The case of ‘Grace’: a pattern of failure

Lack of investment in care sector leaves children at risk

 

The alleged abuse of an intellectually disabled young women known as “Grace” at a foster home in the south east appears to be one of the most shocking examples of how the State authorities failed in their duty to protect a vulnerable young person. The really worrying aspect of the case is that this did not happen decades ago when Ireland was a very different place but in recent years when the lessons of the past should have been learned.

The cabinet has agreed to establish a commission of investigation into the case and there have been calls for its terms of reference to be widened to include all 47 children and young adults who spent time at that foster home.

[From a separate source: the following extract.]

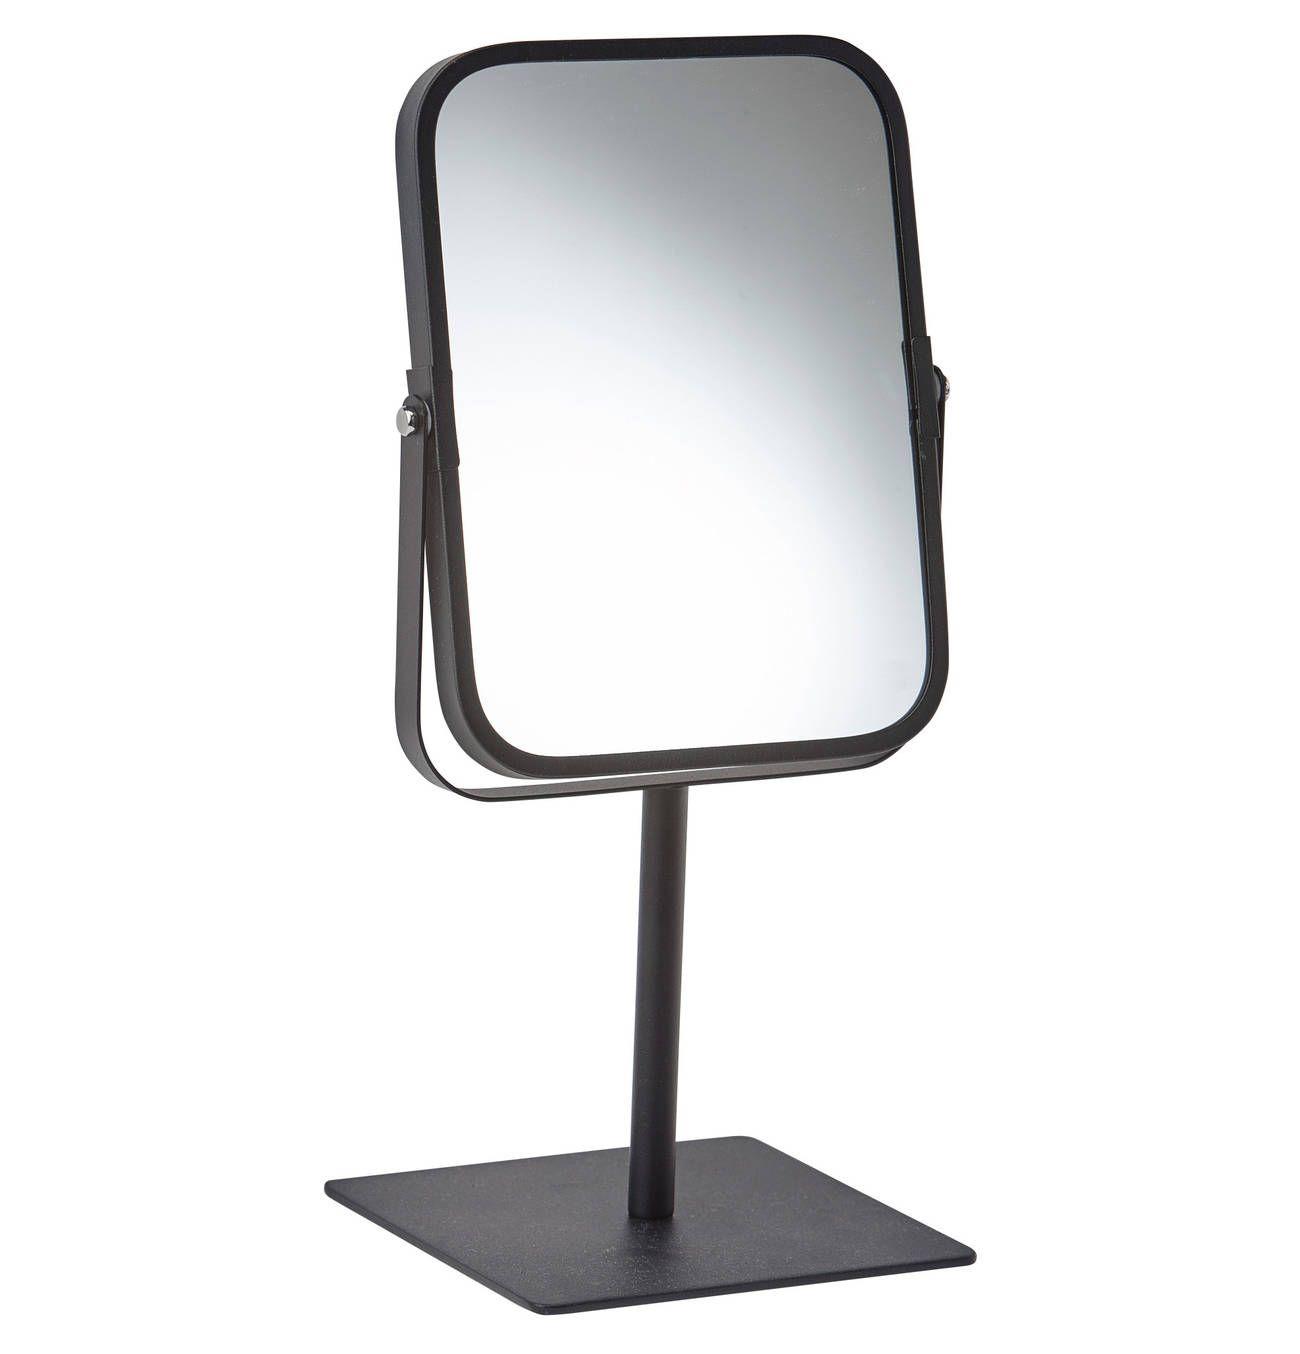 Spiegel Mit Vergr Erung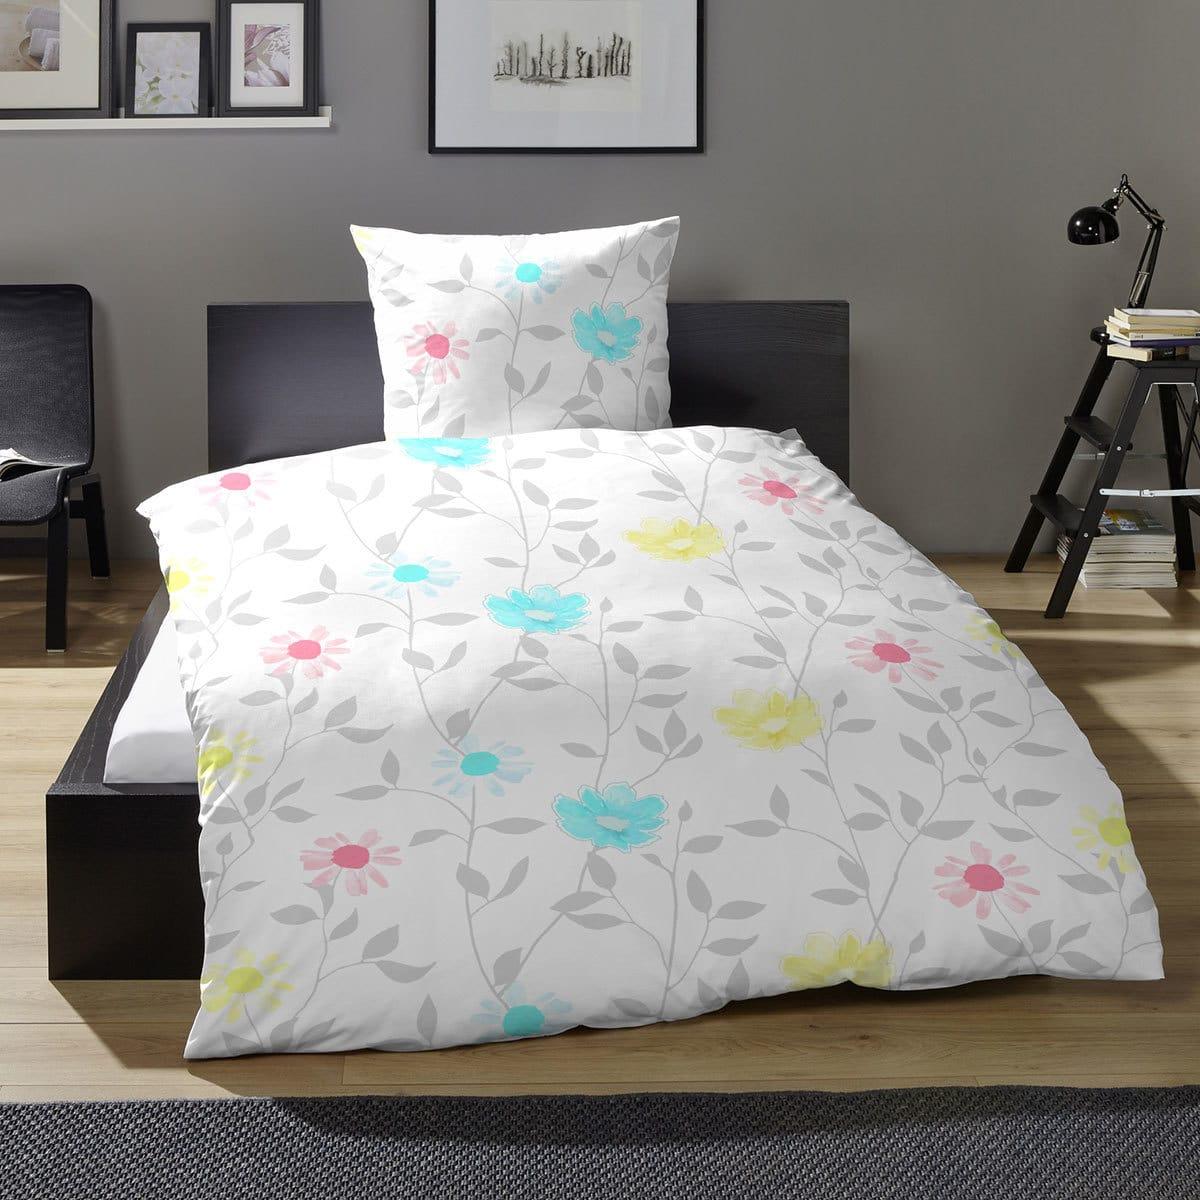 hahn seersucker bettw sche blumenranke t rkis g nstig online kaufen bei bettwaren shop. Black Bedroom Furniture Sets. Home Design Ideas

Minister of State for Disability Finian McGrath has pledged that no one will be excluded from the process and that the voices of all families who want to be heard will be heard. This is a welcome statement from the Minister whose political credibility is dependent on delivering for the disability sector. He has also pledged that once the truth is established, decisive action will follow. Time will tell in this regard but past experience is not encouraging.

Although it is important that all who had experience of the foster home in question get to have their say, the priority is to quickly establish the facts of what happened in the “Grace” case. Three reports have been carried out into the treatment of the young woman. Two were published by the Health Service Executive (HSE) last week, years after their completion. It is time for a conclusive explanation as to what happened to “Grace” and the failures in the system that allowed her to languish in a clearly unsuitable environment for so long after initial concerns were raised.

As an infant “Grace” was sent to a number of short-term placements before being placed full time with a foster family in the south-east in 1989, when she was 10 years old. She was to remain with this family for 20 years until July 2009, when she was removed from the foster home by the HSE. Concerns were raised about her condition over these years and there were discussions among social care staff about her case.

In 1996 a claim of sexual abuse involving another resident in the foster home was received and a decision to move “Grace” was taken. However, this was subsequently overturned after an appeal by the foster parents and she remained in the home until 2009 when she was moved to a residential placement.

The “Grace” case reveals the same pattern of failure and delay that was evident in a series of scandals in the social services that go back as far as the Kilkenny incest report of 1993. There is still no sign of the State investing the kind of resources into this sector that could result in decisive, system-wide change. The result is that children remain at risk.